Titles of texts, foreign words, and emphasized text have been encoded

Keywords:

  • Internationale Koloniale en Untvoerhandel Tentoonstellung (1883: Amsterdam)
  • Exhibitions
  • Exhibition buildings
  • Souvenirs (Keepsakes)
  • Playing cards
  • Essay
  • Board Games
  • 1901-2000
  • Europe
  • Holland
  • Amsterdam

The card pictured here is one of a larger deck, comprising a round-style game. Card games were a popular souvenir item among fairgoers. The game was a competition between nations illustrated in the larger cards of the set, measuring 4' 1/2;" by 2'3/4", representing the countries holding colonies at the time, and the smaller cards, 3" by 1 3/4", representing major industries. Represented were the Netherlands, listed as the first country on the direction sheet, England, Germany, Belgium, France, Russia, the United States of America, Turkey, Italy and Spain.

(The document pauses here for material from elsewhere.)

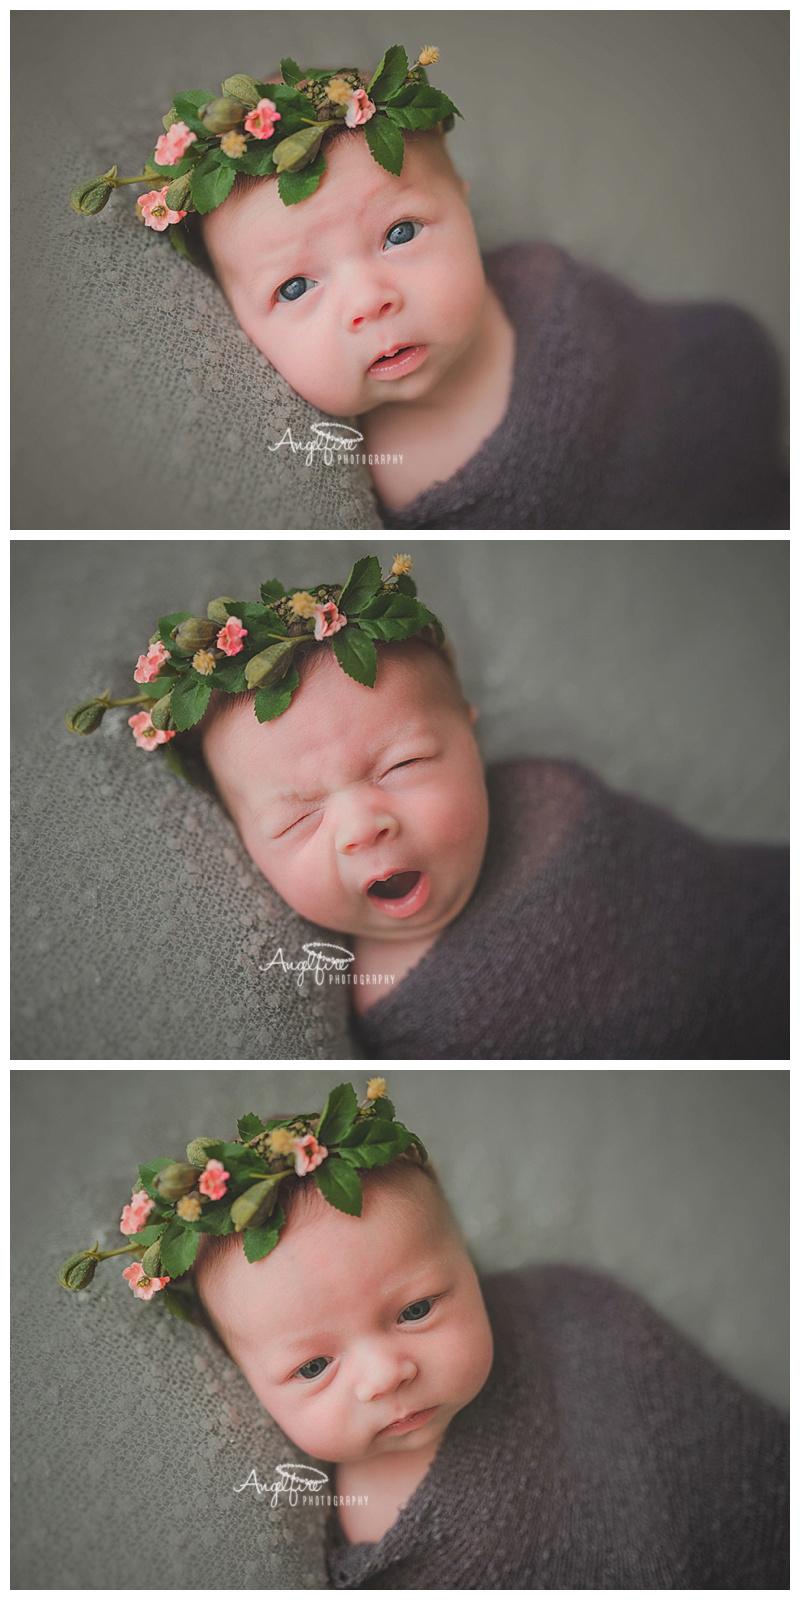 West Midlands Newborn Photographer | Angelfire Photography | www.angelfirephotography.co.uk 3
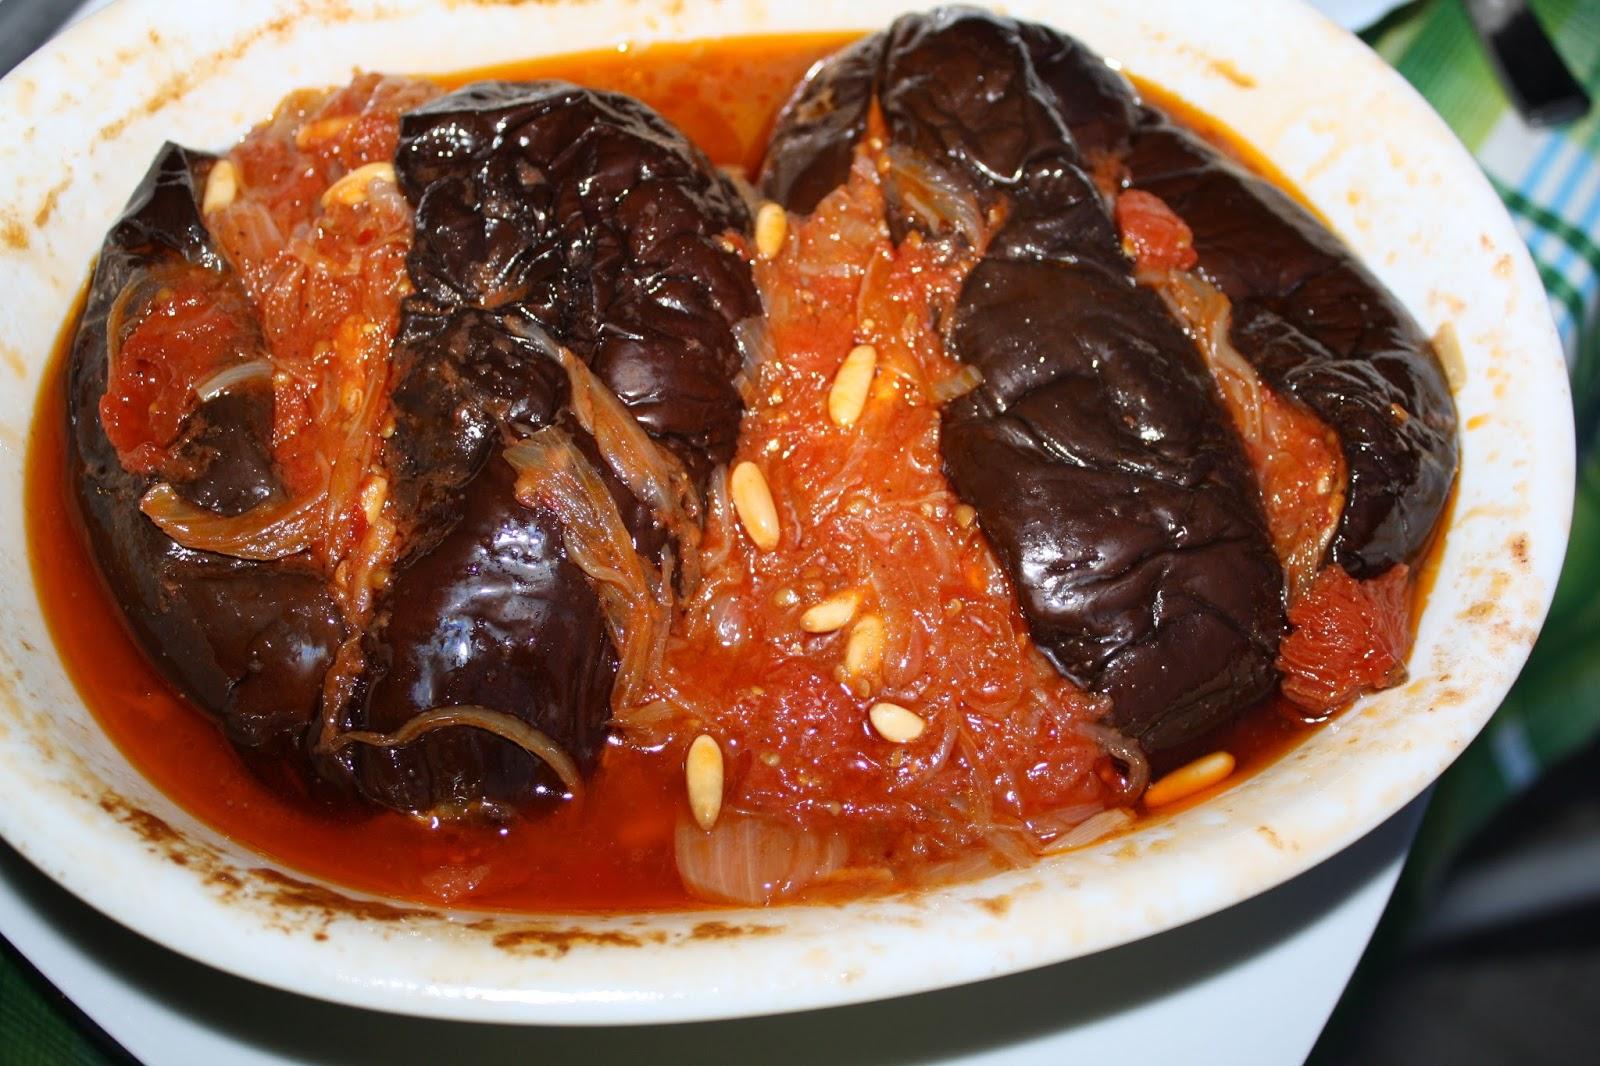 La cuciniera moderna cucina turca melanzane dell 39 imam for Ricette cucina moderna

There were twelve cards for each of the ten industries, including a sheriff, a cannon, a vehicle, furniture, poultry, machinery, velocipedes, agriculture implements, musical instruments, and children's toys. For the same industry, each card features the name of a different colonizing nation. The colonial policies followed by the Netherlands in the 1880s coincide with the overall theme of the card game. Just as Netherlands played the role of a colonizer in the real world, the card game of its Amsterdam fair represented the colonization process of inferior countries to the superior nation. A victory in the game was obtained in a way similar to the method by which a colonizing nation would gain its colonies.

Printed in black on a white background, the cards have been hand-painted with watercolor ink. One can determine that they were not created using a stamp, as strokes are visible. The American colonization card displays several typical industries and technologies found in United States, including a flag, a picture representing the mining industry, a telegraph, a sewing machine, a factory, a watch, and what is surmised to be a white male industrialist with a top hat.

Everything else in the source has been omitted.